# Cheap Baler Belts



## farmerjon (Jan 7, 2009)

I picked up a roto baler, but I need to replace a few of the belts. They are 6 inch belts. I went to TS and they wanted almost 3 bucks a foot. Any idea where to look for cheap or used belts? I got the baler for free so I dont mind putting some money into it, but 3 bucks a foot seems steep.


----------



## Windy in Kansas (Jun 16, 2002)

Curious, does the AC Roto baler use the same belts as the large round balers of this era?


----------



## farmerjon (Jan 7, 2009)

yes i belive so. They are 4 inch wide tho.


----------



## DaleK (Sep 23, 2004)

Try asking around your local dealers. TSC belts are TOO cheap for my liking. Same as most other things TSC sells.


----------



## Old Vet (Oct 15, 2006)

DaleK said:


> Try asking around your local dealers. TSC belts are TOO cheap for my liking. Same as most other things TSC sells.


Try some industrial supply house like 3M or Granger they have belt on roles that you can cut and spliced together. It will be way less than Tractor Supply. You will have to get a splicer and some splicer supply's also but all together it will be less than most any place around. You will always need to splice the belts as long as you have the bailer or pay somebody else to do it for you.


----------



## farmerjon (Jan 7, 2009)

Yea TSC carrys some poor quality stuff. I hooked up the Roto Baler last night and everythings is working as it should. I can check today at work to see if Grainger has belts.


----------



## agmantoo (May 23, 2003)

farmerjon
What type belts does the roto baler take? I have some good sources but I need to know more about the belts.


----------



## clovis (May 13, 2002)

Post this question on allischalmers.com.

Post it on the discussion forum, and make sure you give 'em all the info, and ask all the questions you need. (Sometimes people will ask stuff like "What size tire for my Allis tractor?", but leave out the year, model, style or serial number.)
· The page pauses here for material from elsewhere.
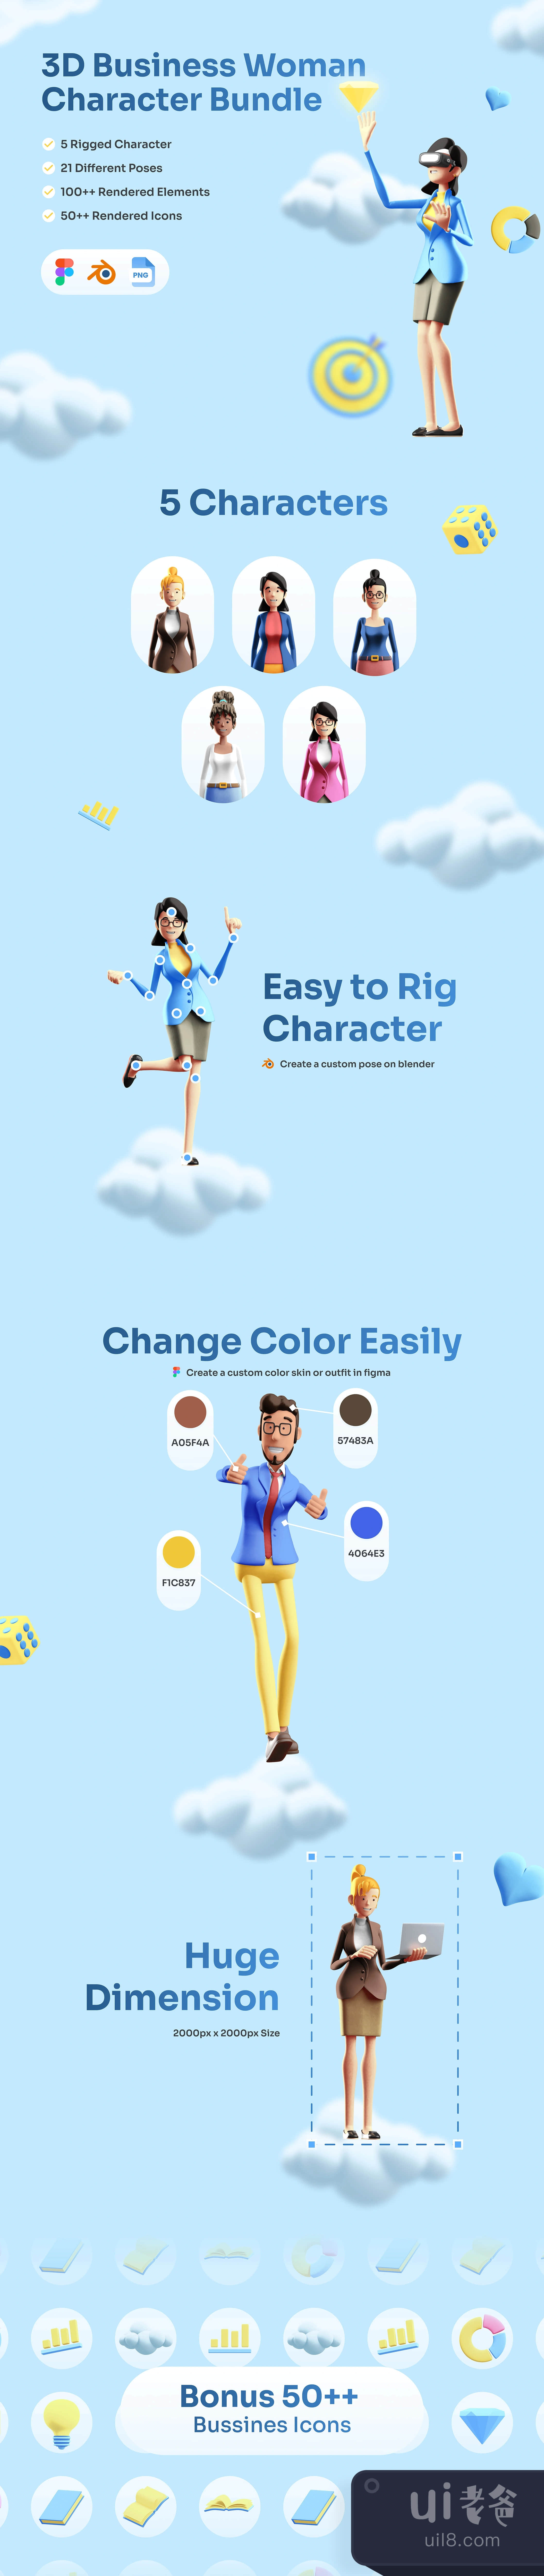 三维商业字符包 (3D Business Character Bundle)插图

Those guys will take the guesswork and questions out of the equation. Wouldn't be surprised if you got 20 real world replies to this question. Some of those guys live, eat and drink AC Rotobalers. There is also a good chance that someone will have some sitting around and ready to sell to you for cheap. 

It will be an excellent source for asking all of your Rotobaler questions, no matter how difficult.

No need to register either, last time I checked. 

Is your Rotobaler a white top???

Clove


----------



## scorpian5 (Feb 16, 2004)

http://www.shoupparts.com/catalog/list.cfm?fldID=97707


----------



## clovis (May 13, 2002)

There have been a few posts on allischalmers.com about roto balers, but I haven't seen yours.

One guy is scrapping 2 roto balers. He told another poster to tell him what parts were wanted before they went to AC heaven. 

Another poster said the best place for AC RB belts was http://excelbelting.com

I don't know a thing about RB, but hopes this helps.

http://www.excelbelting.com/ecommerce/control/category/~category_id=ALLIS-CHALMERS-TB;jsessionid=9FF6A7B8B37ACDFEDB96C304E074544C.jvm1


----------



## clovis (May 13, 2002)

I finally got the link to work!


----------